The data START
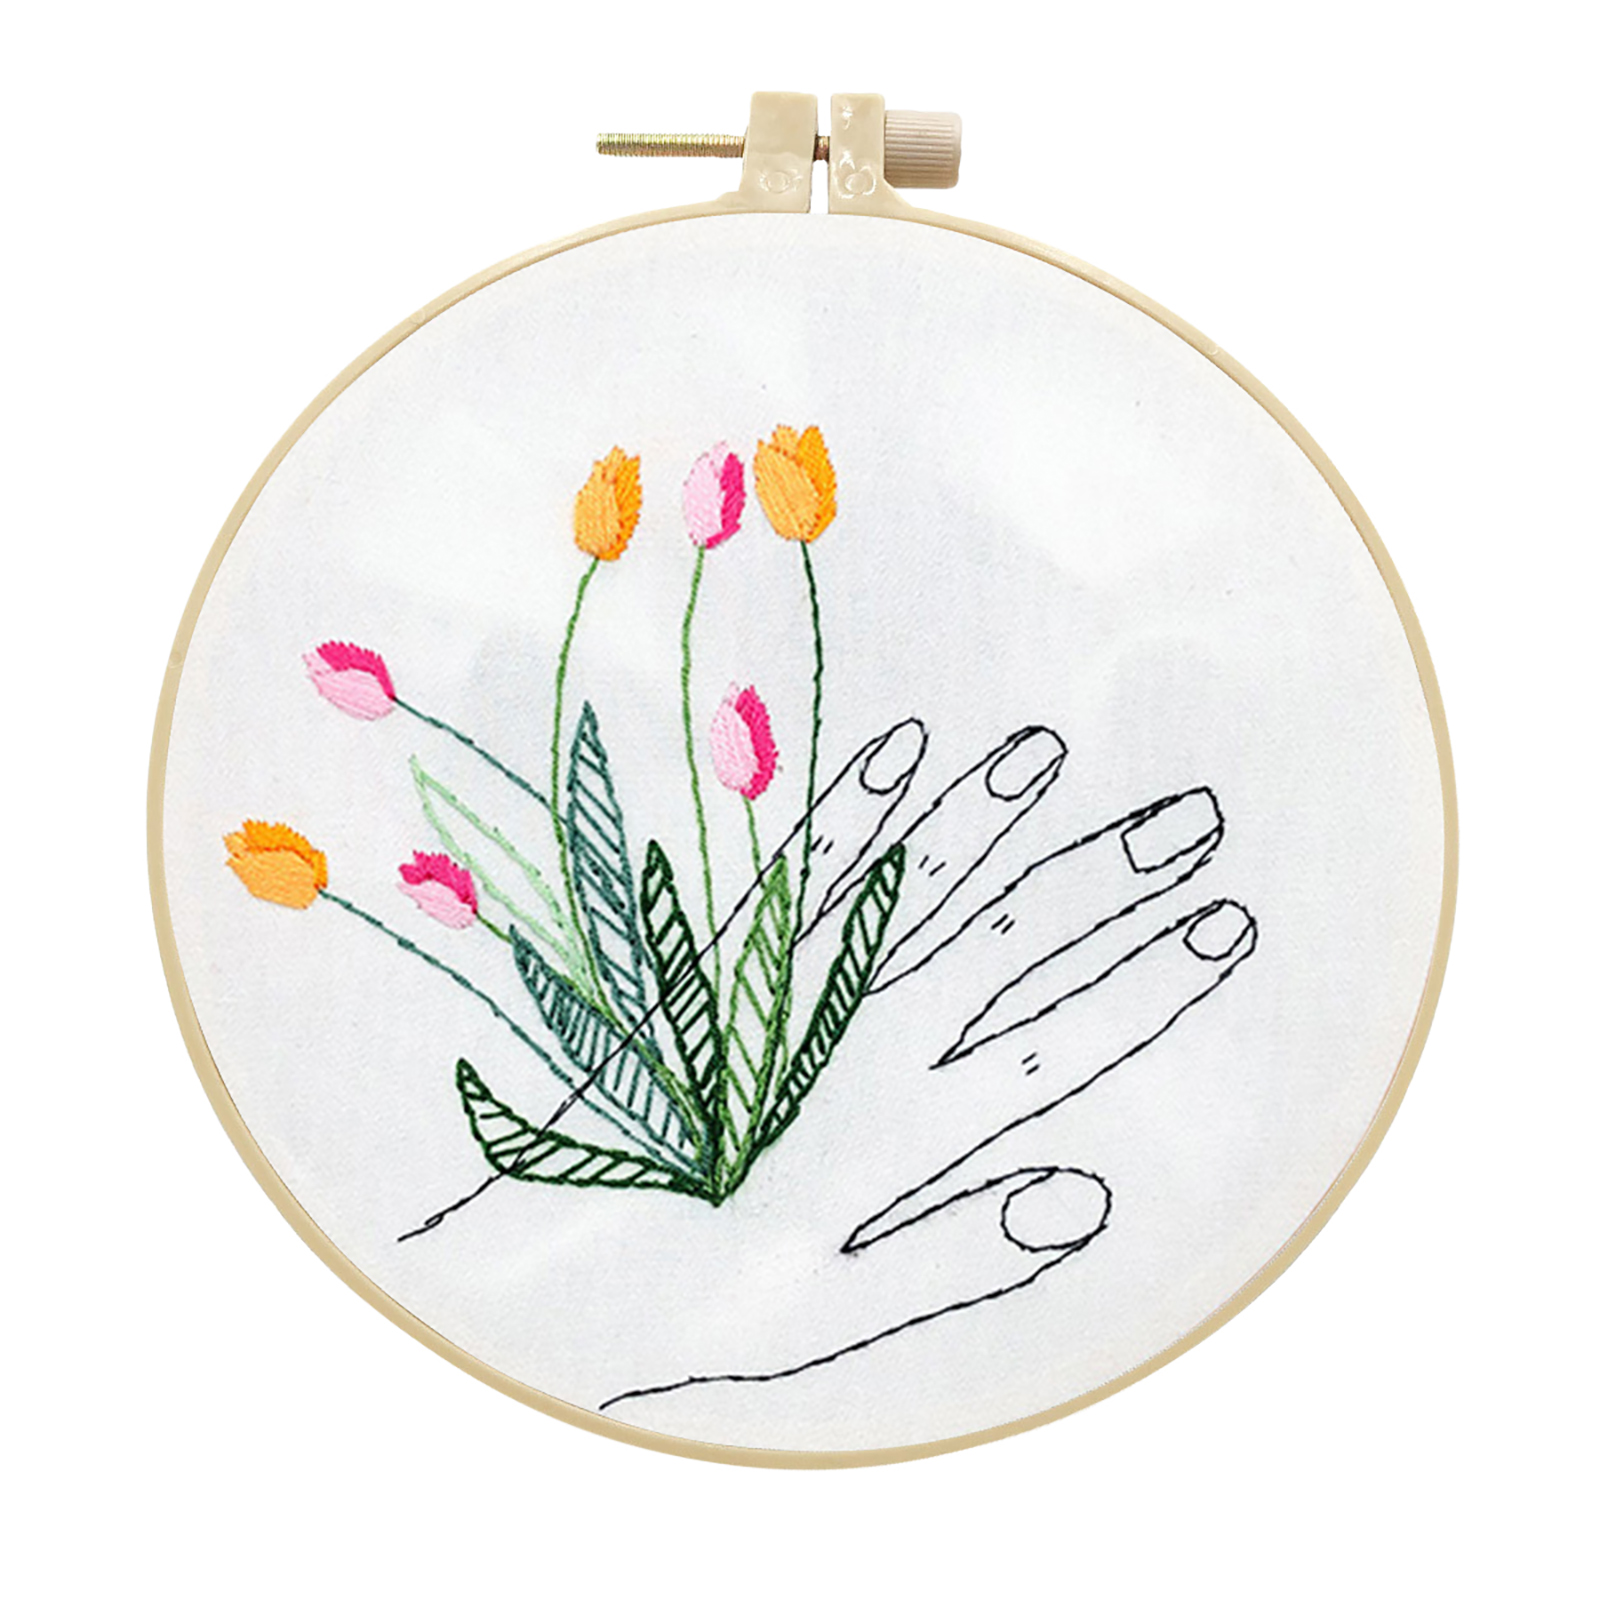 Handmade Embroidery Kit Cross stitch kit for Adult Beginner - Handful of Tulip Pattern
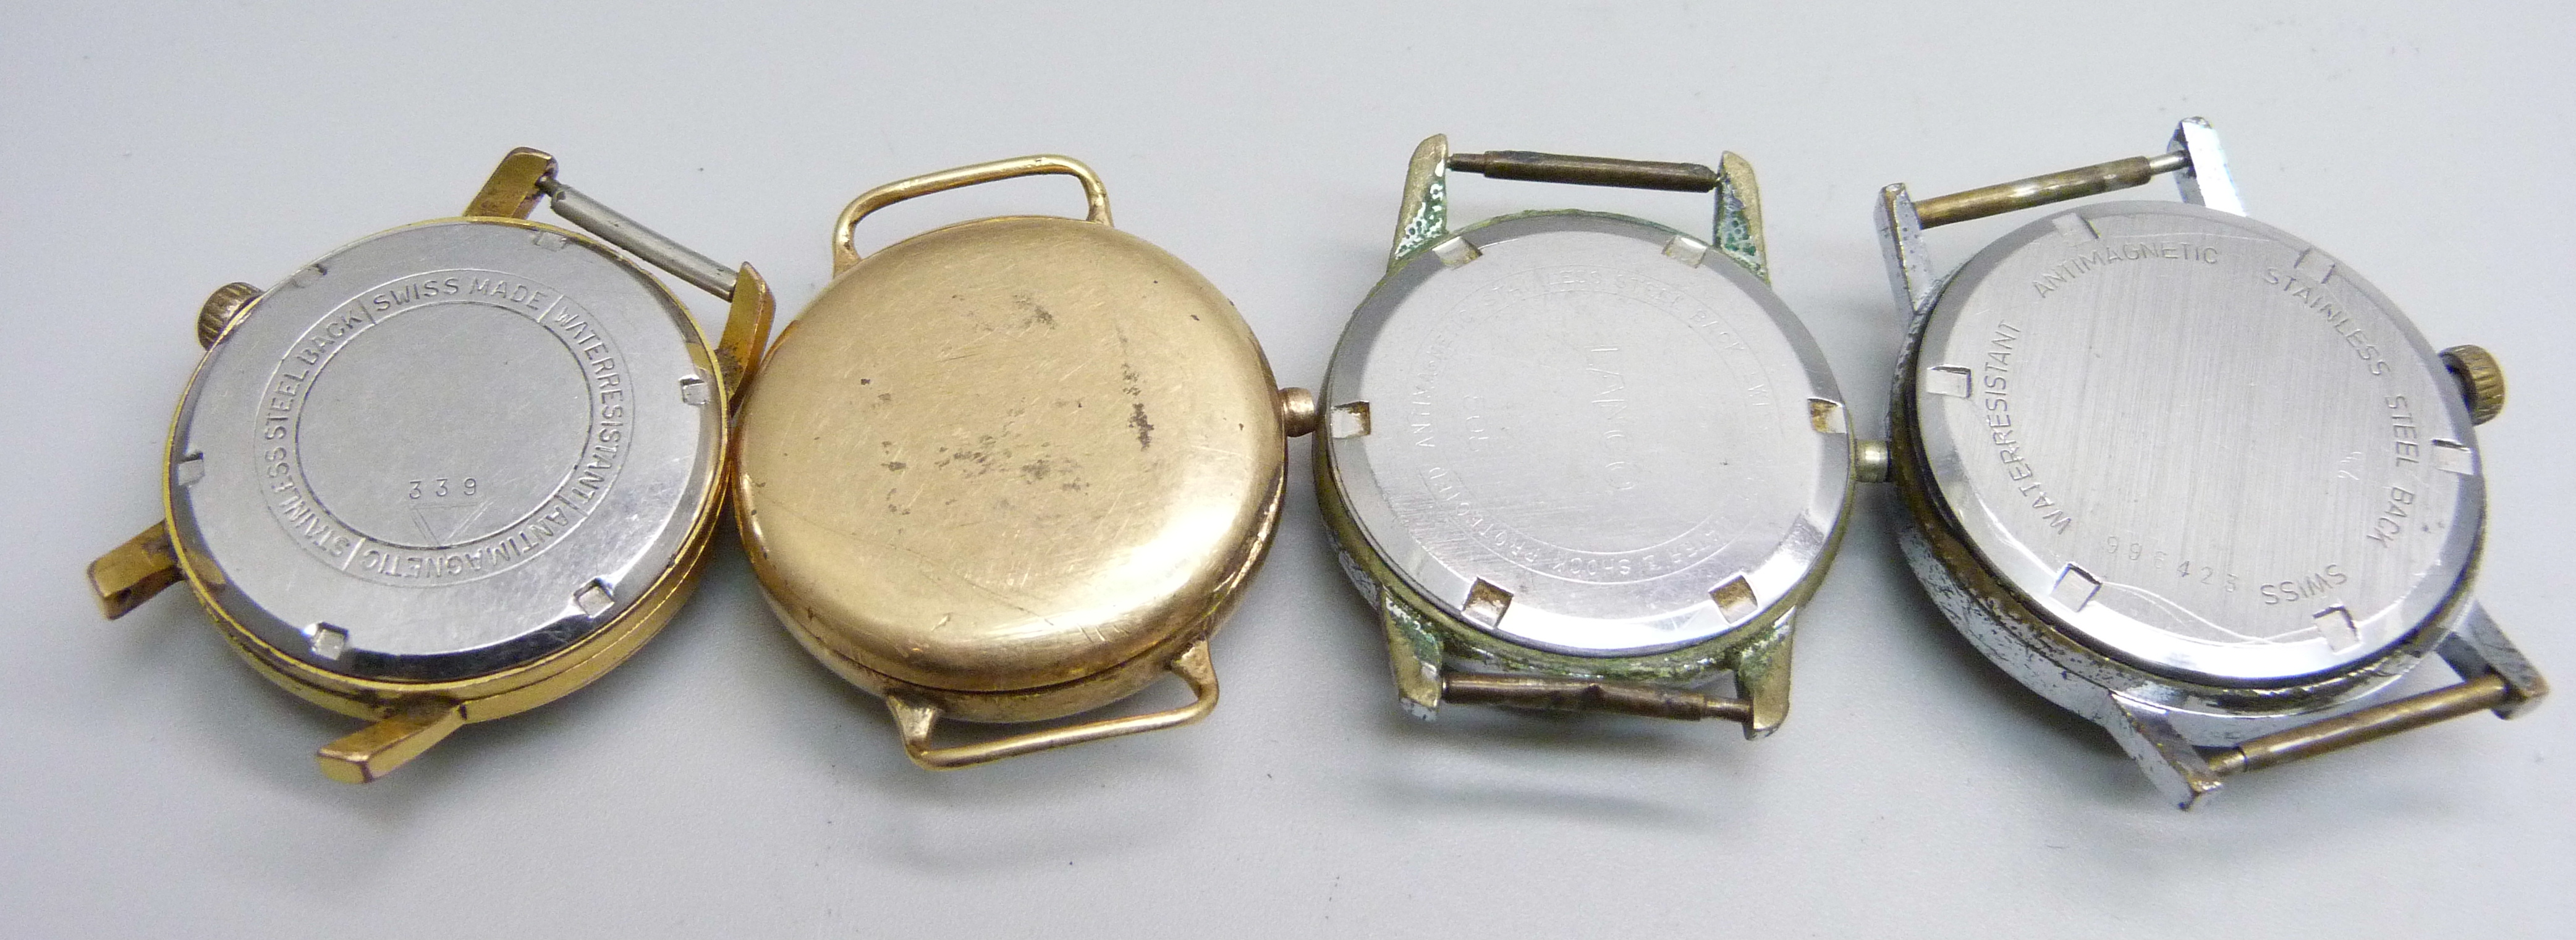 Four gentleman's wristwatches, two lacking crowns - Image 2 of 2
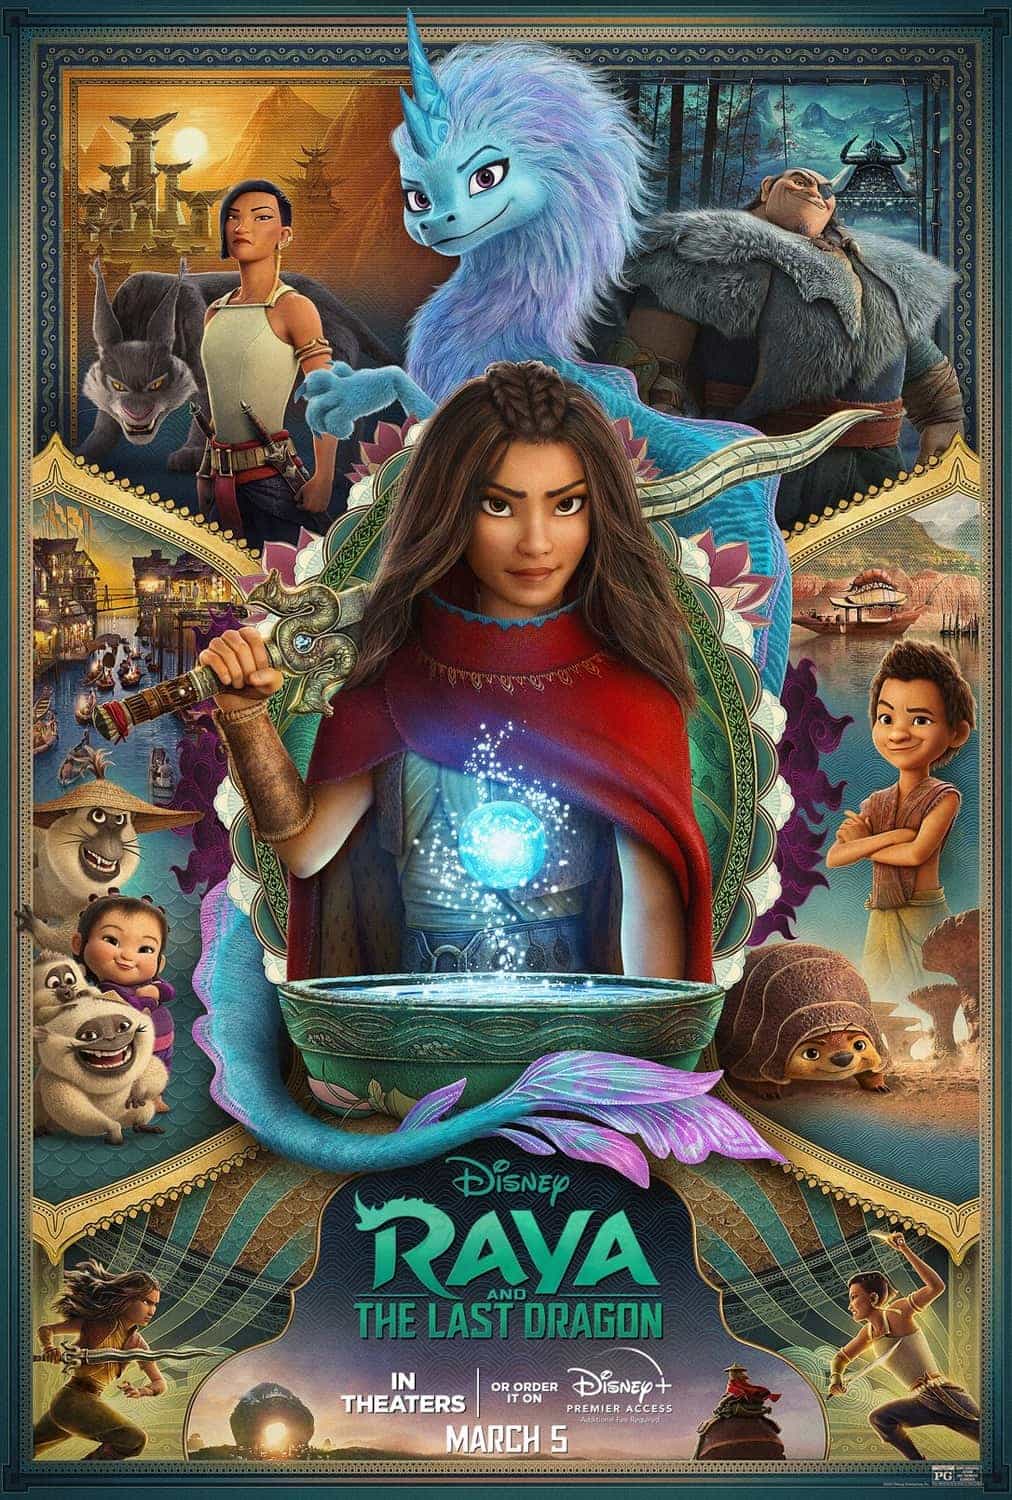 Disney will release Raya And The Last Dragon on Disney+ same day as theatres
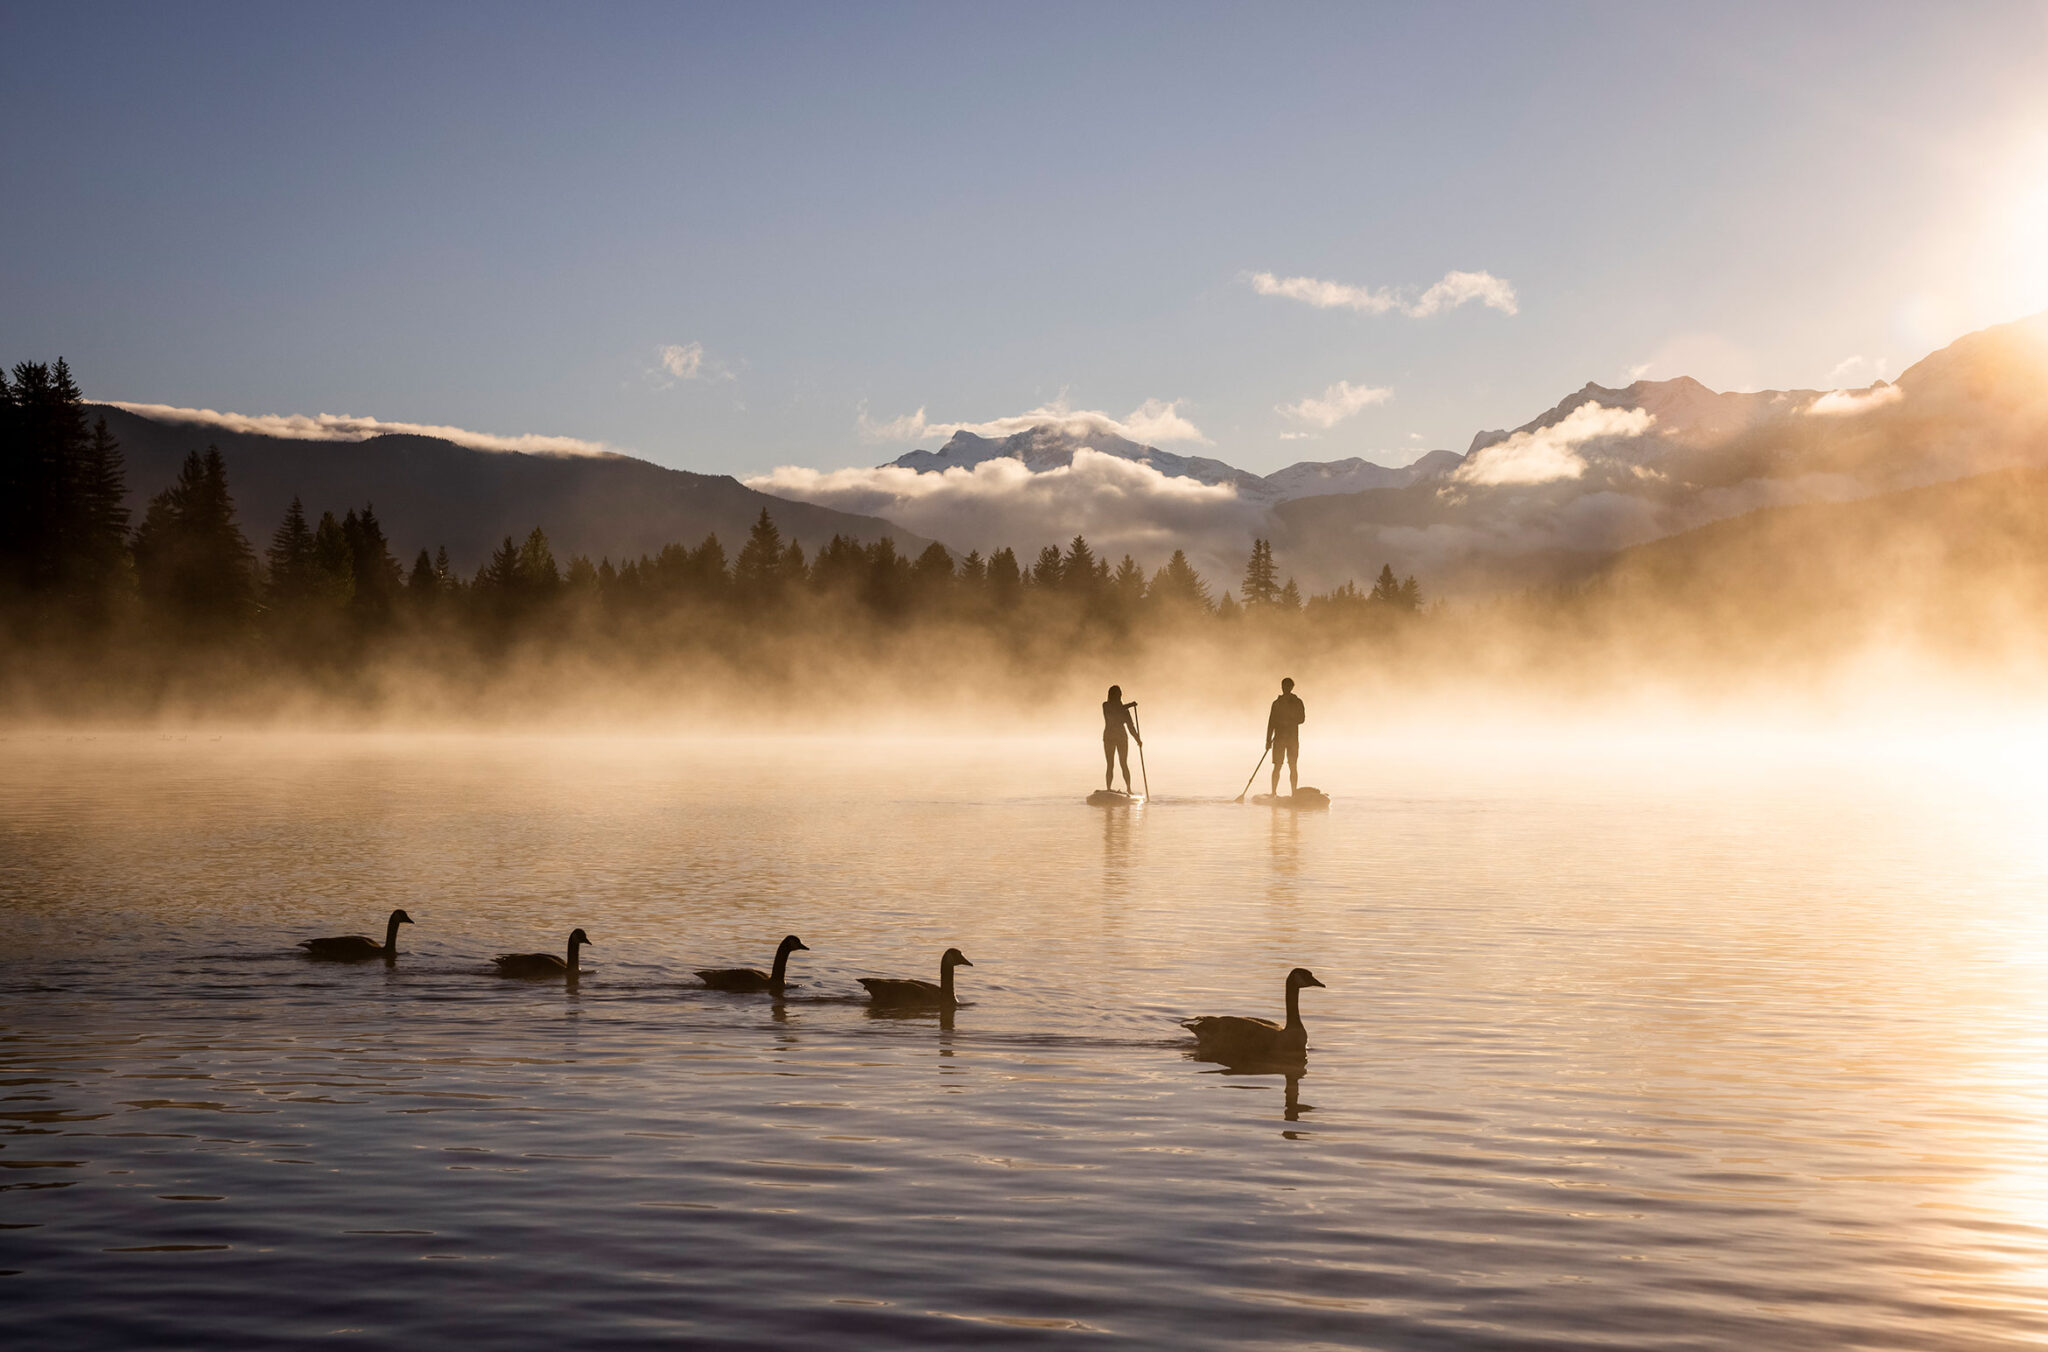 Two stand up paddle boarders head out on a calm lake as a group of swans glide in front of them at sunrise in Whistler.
The data END
§ What the task requires: The expected answer is the data retyped exactly, without pictures.

§ Answer space:
 Handmade Embroidery Kit Cross stitch kit for Adult Beginner - Handful of Tulip Pattern
 Four gentleman's wristwatches, two lacking crowns - Image 2 of 2
 Disney will release Raya And The Last Dragon on Disney+ same day as theatres
 Two stand up paddle boarders head out on a calm lake as a group of swans glide in front of them at sunrise in Whistler.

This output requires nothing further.